Roma – Bologna, sfida delicata al di là della classifica precaria dei giallorossi chiude nel peggiore dei modi possibili i due mesi di Juric. Un allenatore, che, alla luce degli ultimi risultati (4 sconfitte nelle ultime cinque partite) non è più da considerare l’ultimo colpevole.
Perdere con il Bologna significava correre il rischio di essere risucchiati nella lotta per non retrocedere e ritrovarsi nell’occhio del ciclone con tifosi e ambiente, complice la sosta della nazionale. Evidentemente chi guidava la squadra, nella migliore delle ipotesi, ha sottovalutato situazione e avversario. Il Bologna ha dovuto semplicemente svolgere il compitino permettendosi anche un paio di sbavature, per portare a casa il risultato pieno. Anche perché la Roma è entrata in campo per dare ragione al proprio allenatore che aveva definito i suoi ormai ex calciatori a volte senza anima: non è una squadra e quel che ne resta è frastornata, incapace o, per i più maligni, indolente.
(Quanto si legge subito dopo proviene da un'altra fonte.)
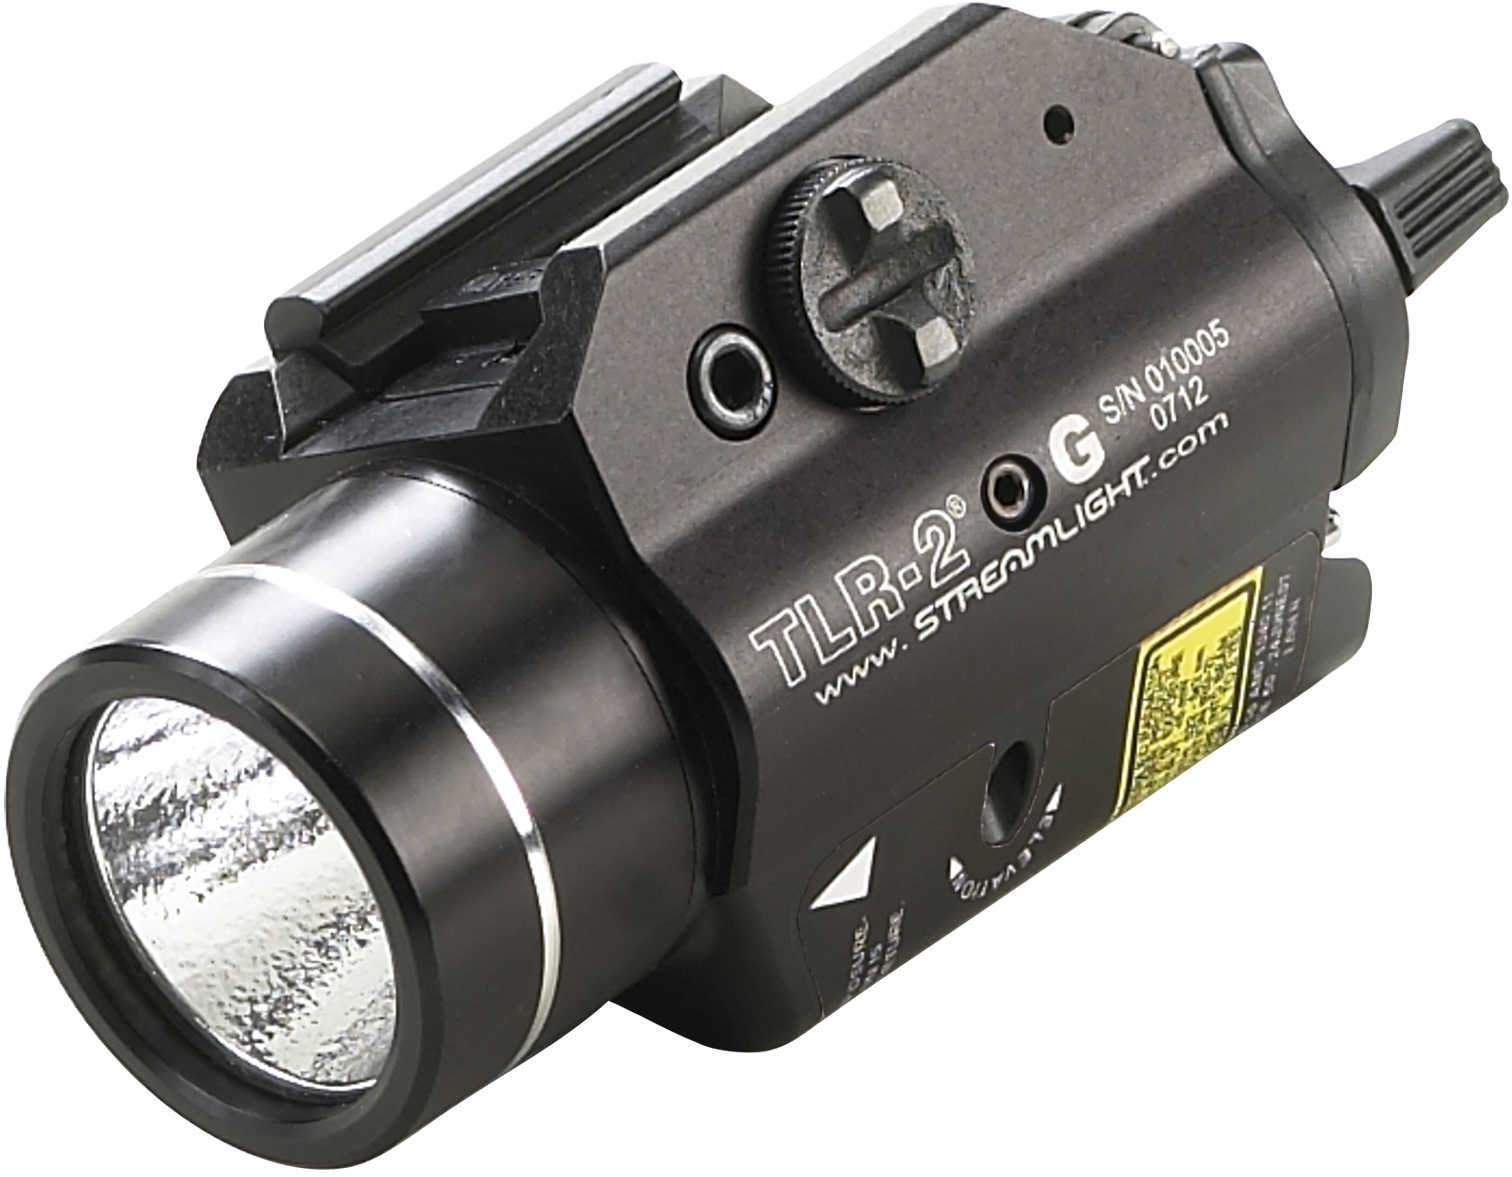 Stl 69250 TLR2G WeaponLight/Grn Laser 200 Lumens C4 Led

Anche quando trova il pareggio, con la collaborazione del Bologna che tira i remi in barca troppo presto, non alza la testa. Anzi riesce a prendere altri due gol. Uno, annullato dal Var, l’altro invece, spinge anche una altra buona parte dell’Olimpico a lasciare anzitempo l’impianto. Roma, con i lavori in corso, come la Roma, è una gruviera. E allora meglio evitare il traffico.
Chi resta beve l’amaro calice sino all’ultimo sorso. E assiste all’epilogo della storia di Juric, mai davvero cominciata. La scintilla non è mai scoccata e il lume di una squadra disposto a seguirlo si era già spento a Firenze. Il rullo pressante del calendario, che ha costretto la Roma a giocare una volta ogni tre giorni, ha di fatto impedito qualsiasi intervento, sia di recupero o scarico. Non appena si è fermato, la soluzione è stata inevitabile. Scarico. Una pessima fine cercata quasi con il lanternino da una squadra che ha rigettato una scelta nata senza senso e proseguita sui binari della sopportazione a denti stretti nelle ultime settimane. Esonero di fatto già preannunciato dal silenzio assordante di un tecnico che non si è presentato per le consuete domande pre partita. Quando basta per subodorare aria pessima. Persa l’ennesima partita ancora prima di scendere in campo, resta da capire chi sarà il successore: Roberto Mancini è in pole ma, secondo le voci che si rincorrono, ha preteso garanzie. Un termine che, con tutta la buona volontà, è davvero complicato da associare a questa Roma che si guarda anche altrove. Sondando all’estero, sono piste calde anche quelle che portano a Terzic e Lampard. Nomi che non entusiasmano una piazza orfana di De Rossi: il suo ritorno, però, non sembra essere preso in considerazione.